Given the challenges you’re facing, what is keeping you going?
We are in the business of providing an alternative paradigm to tackle social inequality. We are almost trailblazers as there are no pioneers and footprint that we can look to. Everyday, there are new issues and problems that need to be fixed. I grapple between the non-profit and for-profit ends of the business and ask myself what the best ratio is. If you focus on the for-profit aspect, you necessarily focus less on the social reasons that got you started. Finding the balance between the two is a juggling routine. It is new and it is dynamic. I also wonder if this is contextual to Myanmar or is it an issue that is faced by other social enterprises regardless of where they operate.

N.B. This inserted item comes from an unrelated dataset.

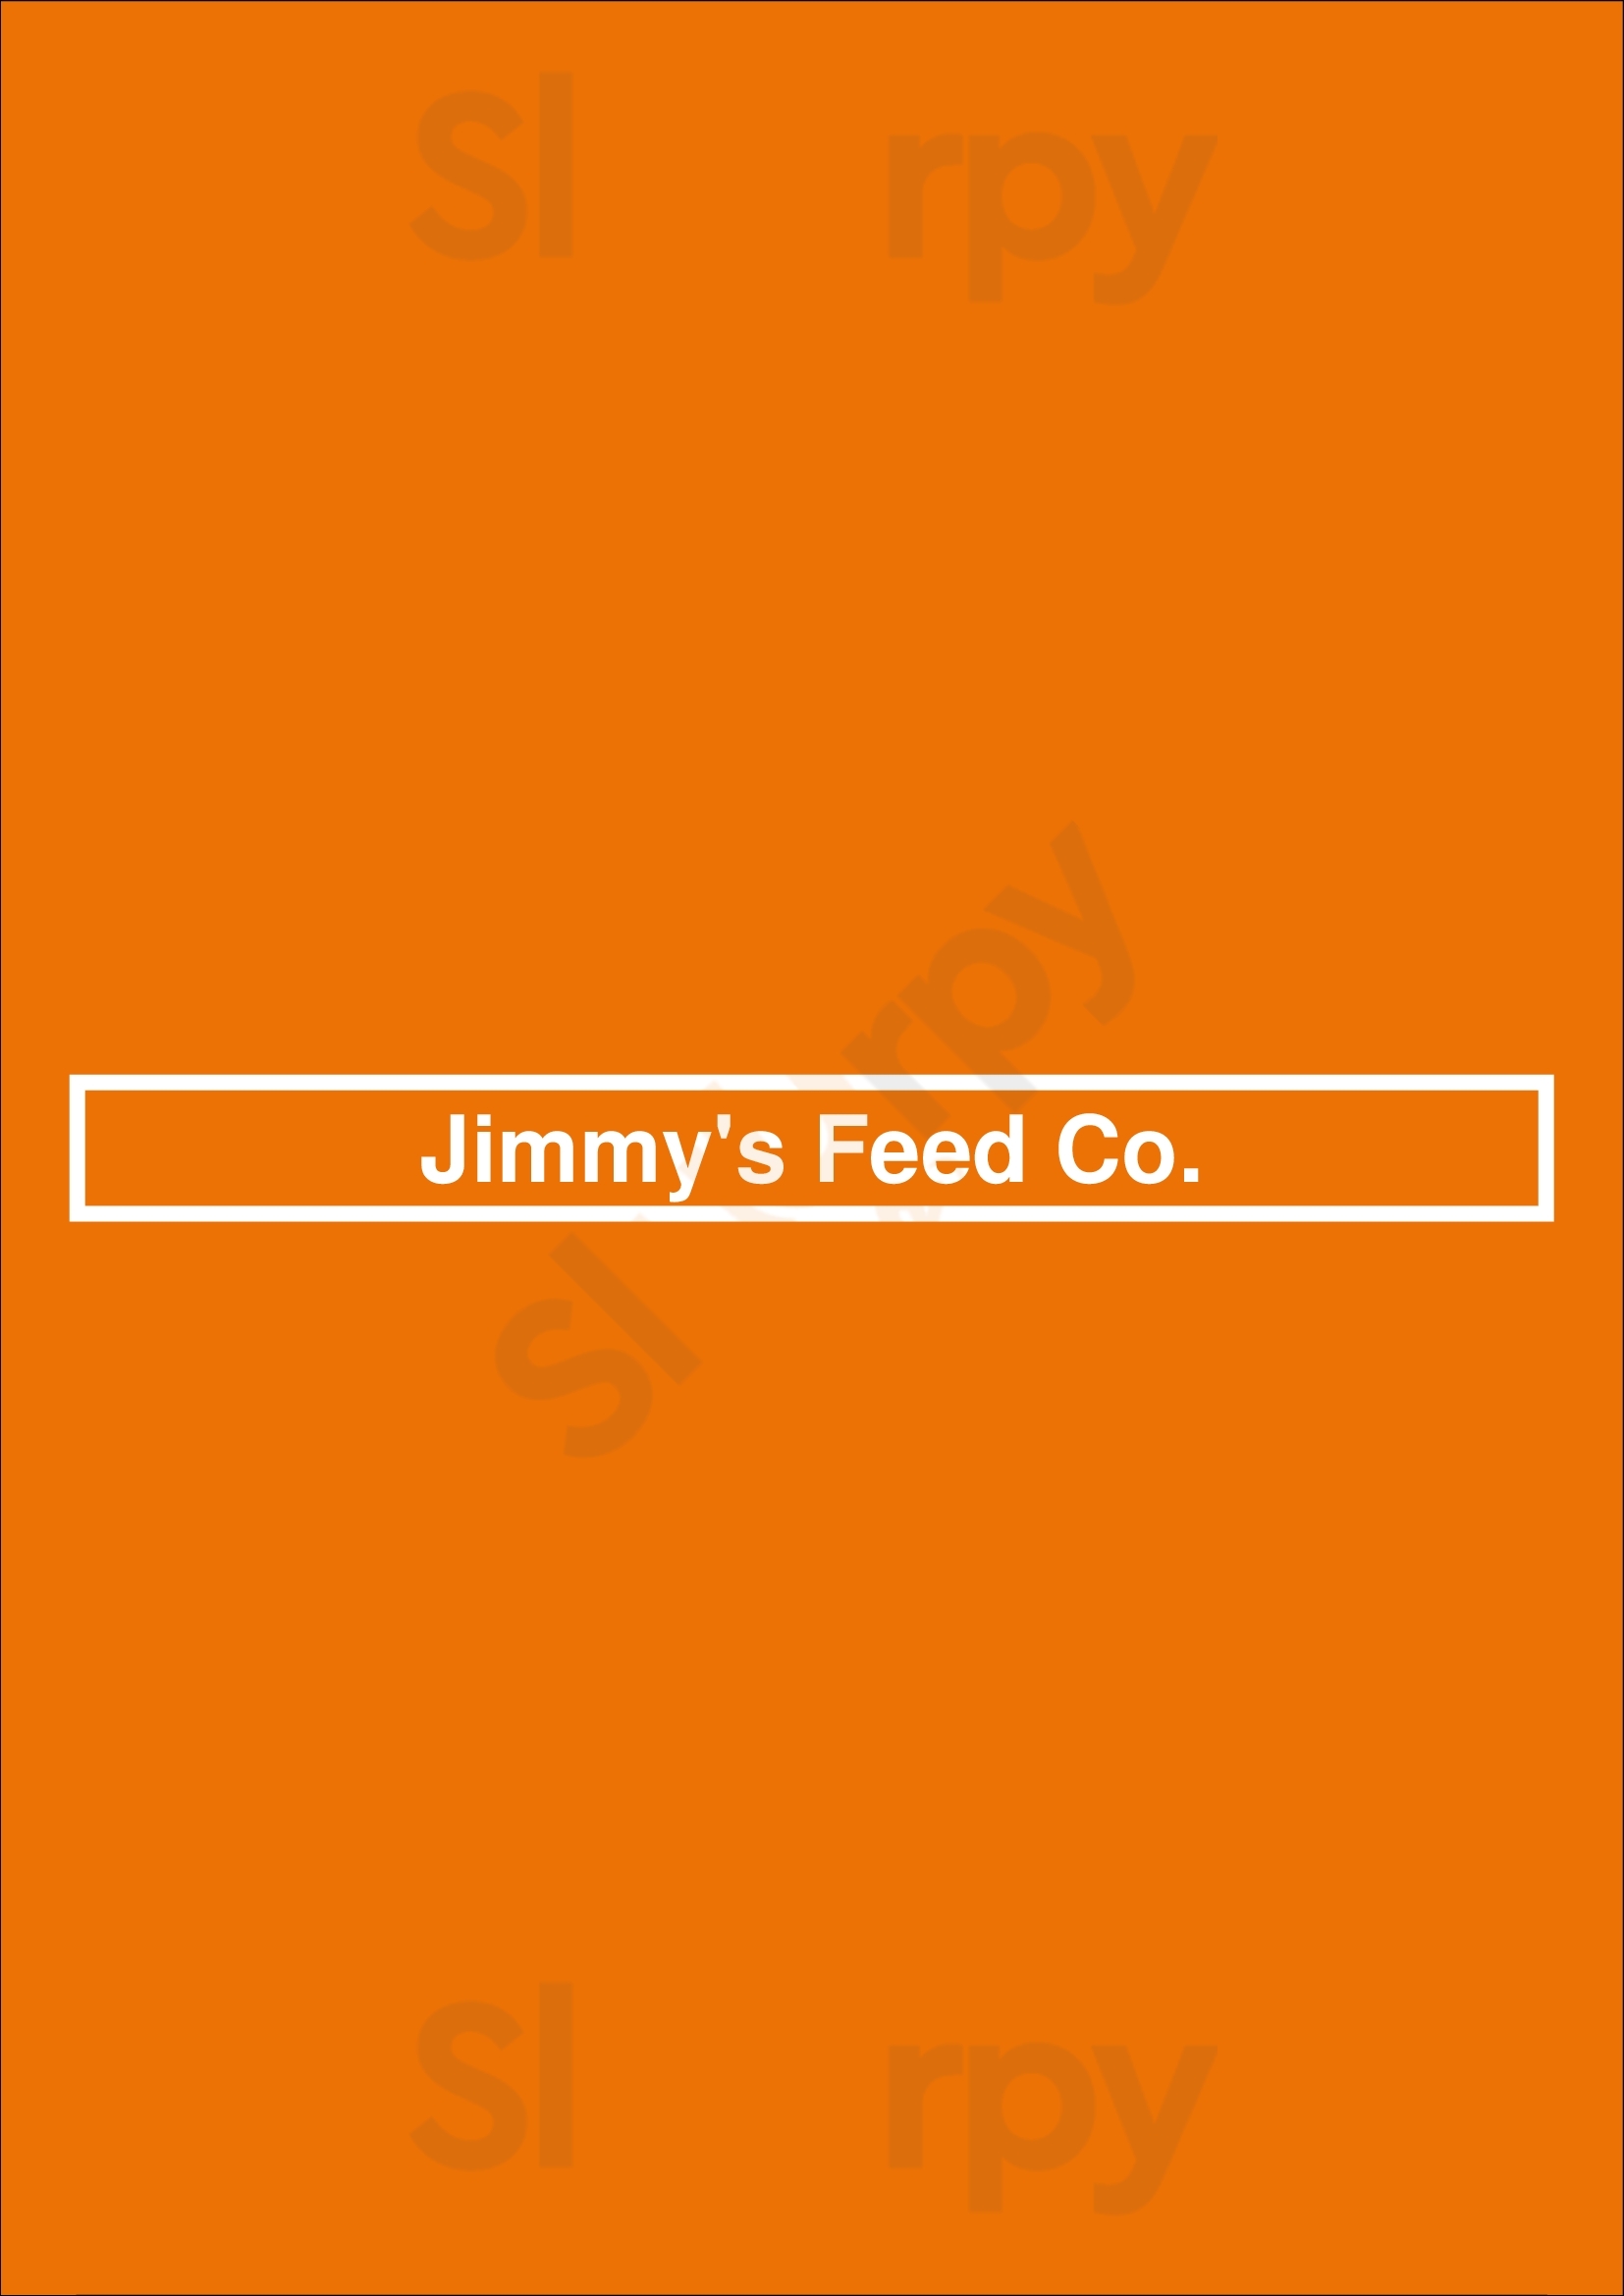 Jimmy's Feed Co. Waterloo Menu - 1

Beyond charities and NGOs that have existed for 40 years and are still heavily reliant on donations, I believe there is a different way to address social inequality. The drive to nail it keeps me going.

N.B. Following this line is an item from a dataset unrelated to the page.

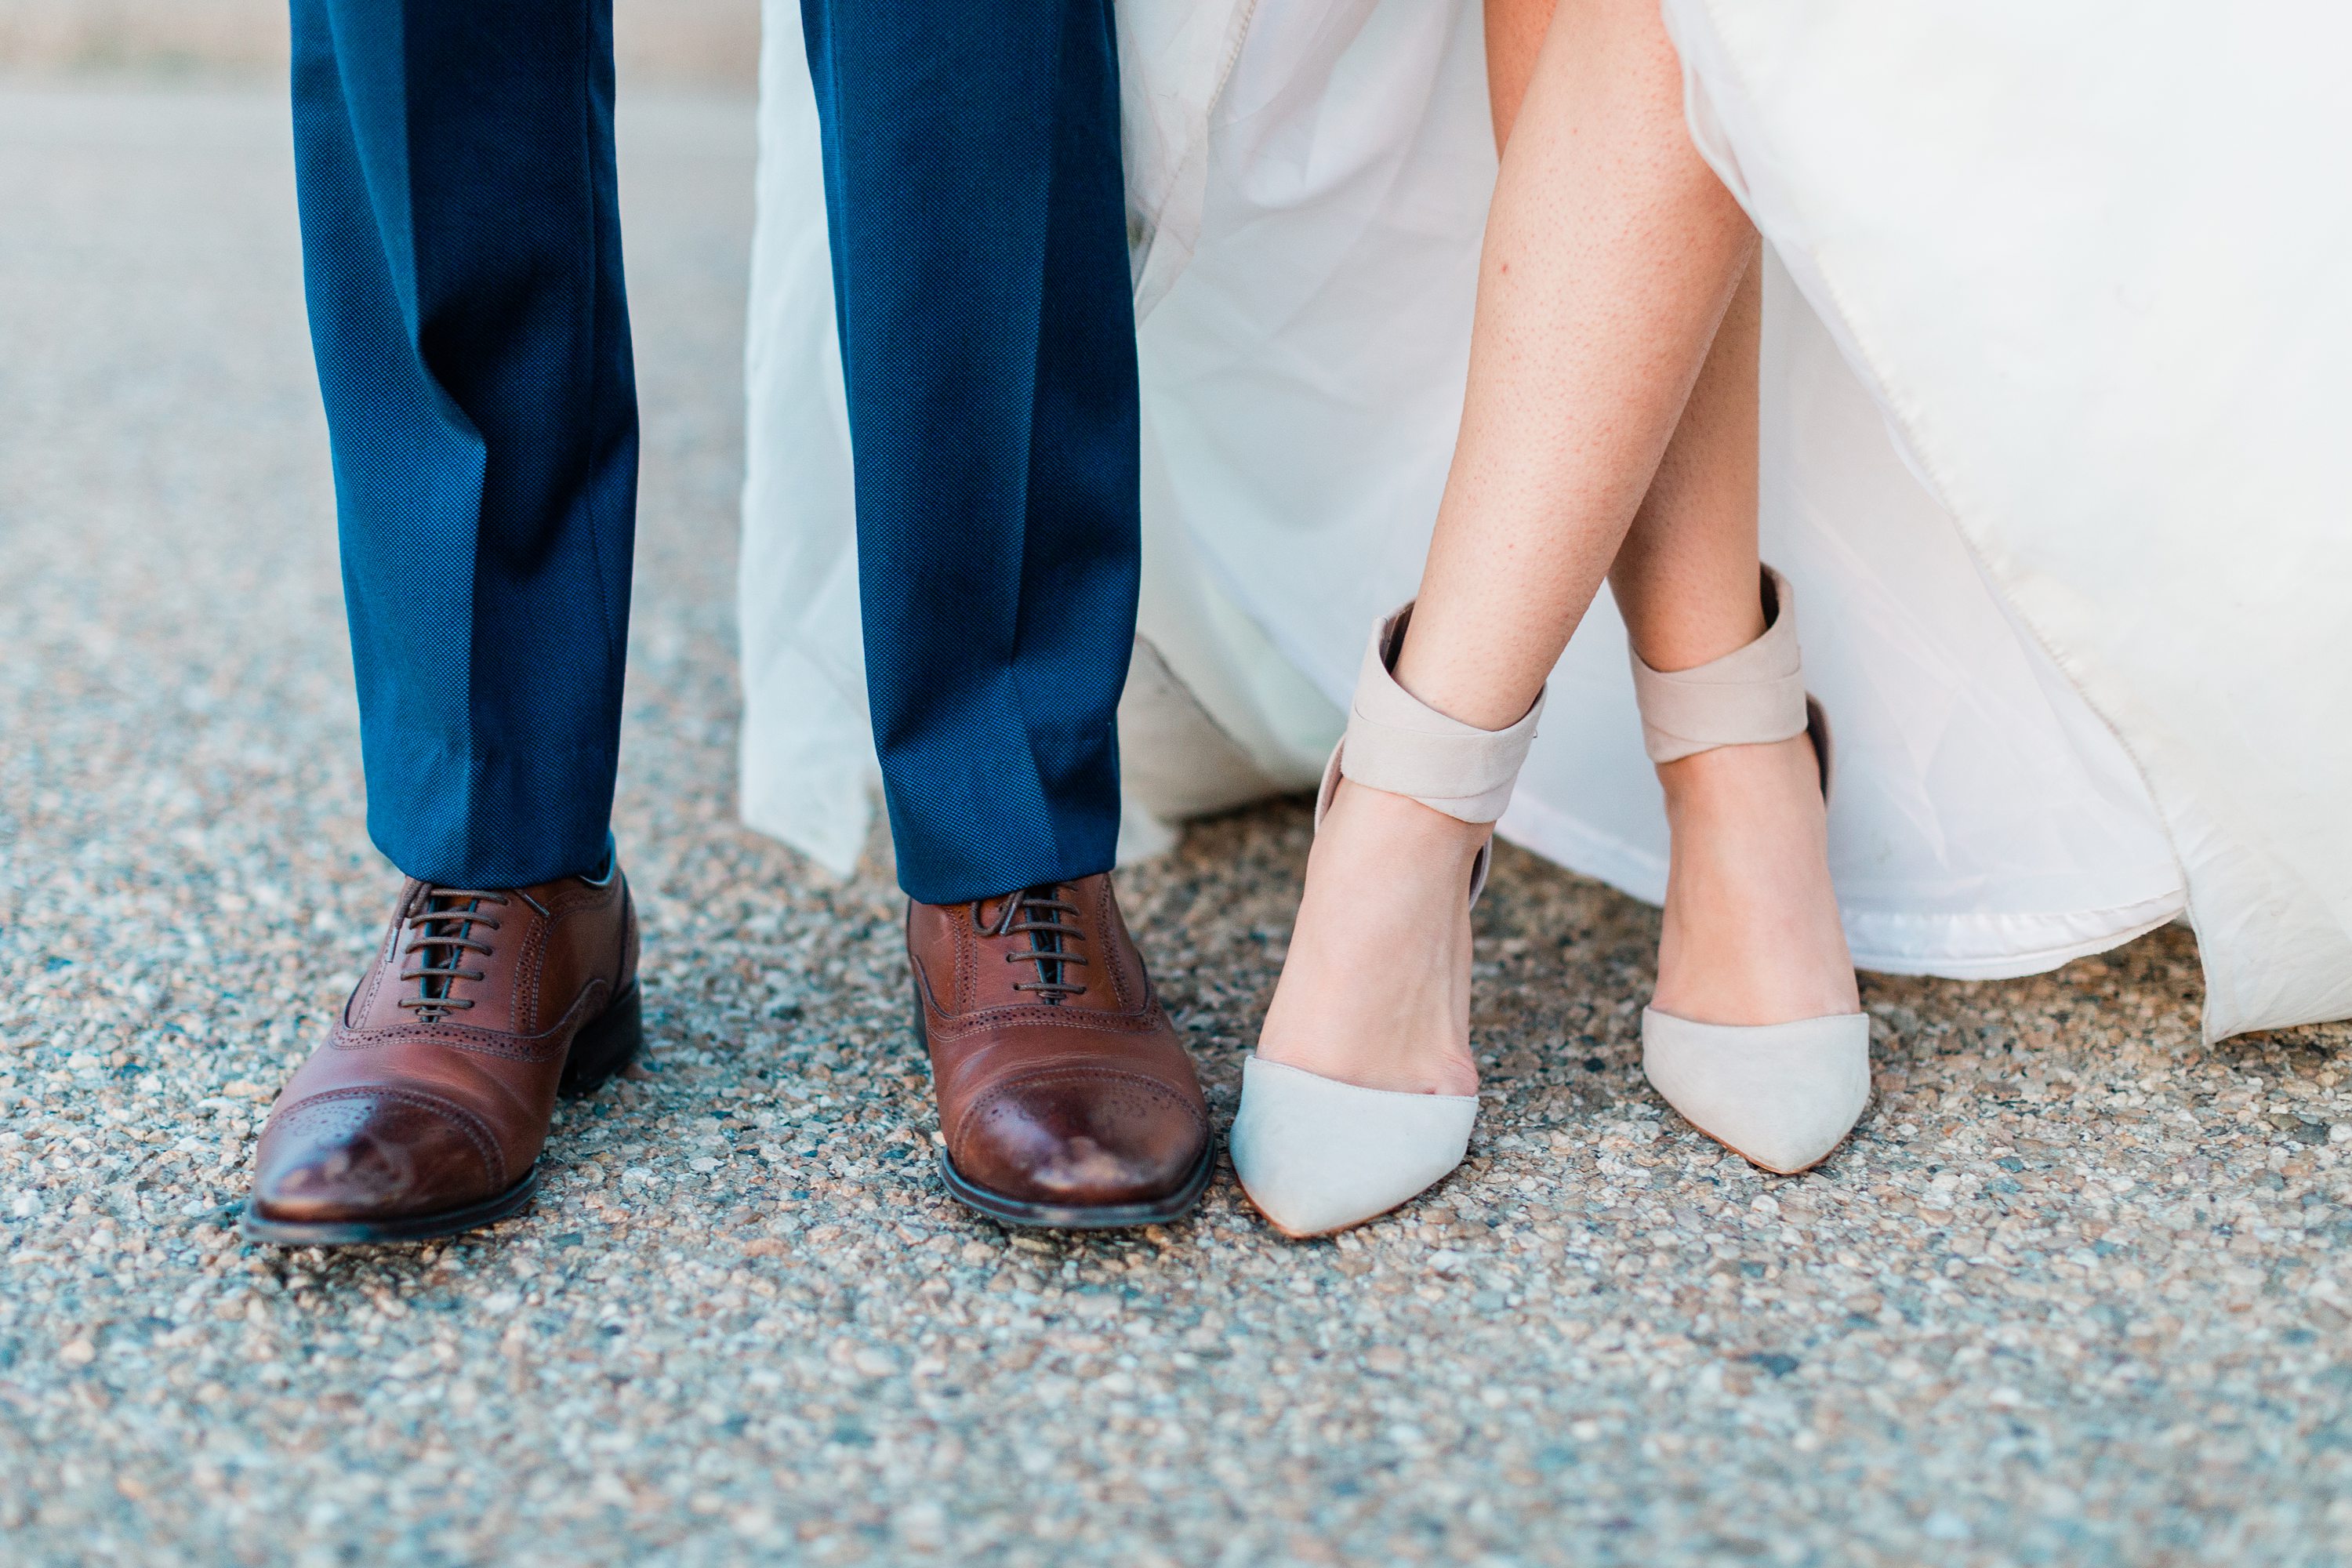 boise wedding photographer,washington weddings,grooms shoes,bride and groom details

What advice would you give to emerging social entrepreneurs who are looking to contribute to the betterment of society in Myanmar?
I wear four hats. I am a woman, a mother, a public health specialist and a social entrepreneur. I feel that every journey is unique. The wealth of life experiences that I’ve gained from wearing these four hats have shaped me and where I am going.
If I have to give any word of advice at all, I would say that you have to nail down your business model. It is even more important in a social enterprise because of the social aspects you are dealing with. You have to be realistic about how much cost you can cover.
A social business is business that is built to address a social issue. It is not a business that channels a certain amount to social causes, that’s charity or CSR. You have to feel it in your heart to make a difference and to have clarity of your goals.
Kelly Macdonald is a Canadian social entrepreneur and a public health professional. She has been working for women’s reproductive health, safety, and rights as a social entrepreneur and a public health specialist. She is a founder of the Yangon Bakehouse, a successful social business in Myanmar that provides culinary and social skills training to disadvantaged women, and assists them to secure jobs in the growing hotel, restaurant industry. She also works with NGOs that provide social and clinical services to support positive outcomes for women’s reproductive health.
Kelly has MSc degrees from the University of Guelph (Rural Planning and Development) and the London School of Hygiene & Tropical Medicine (Reproductive Health Epidemiology). She also has a BA from the University of Calgary. She has been living and working in Africa and SE Asia since 1994 of which she has been living in Myanmar for 10 years with her family.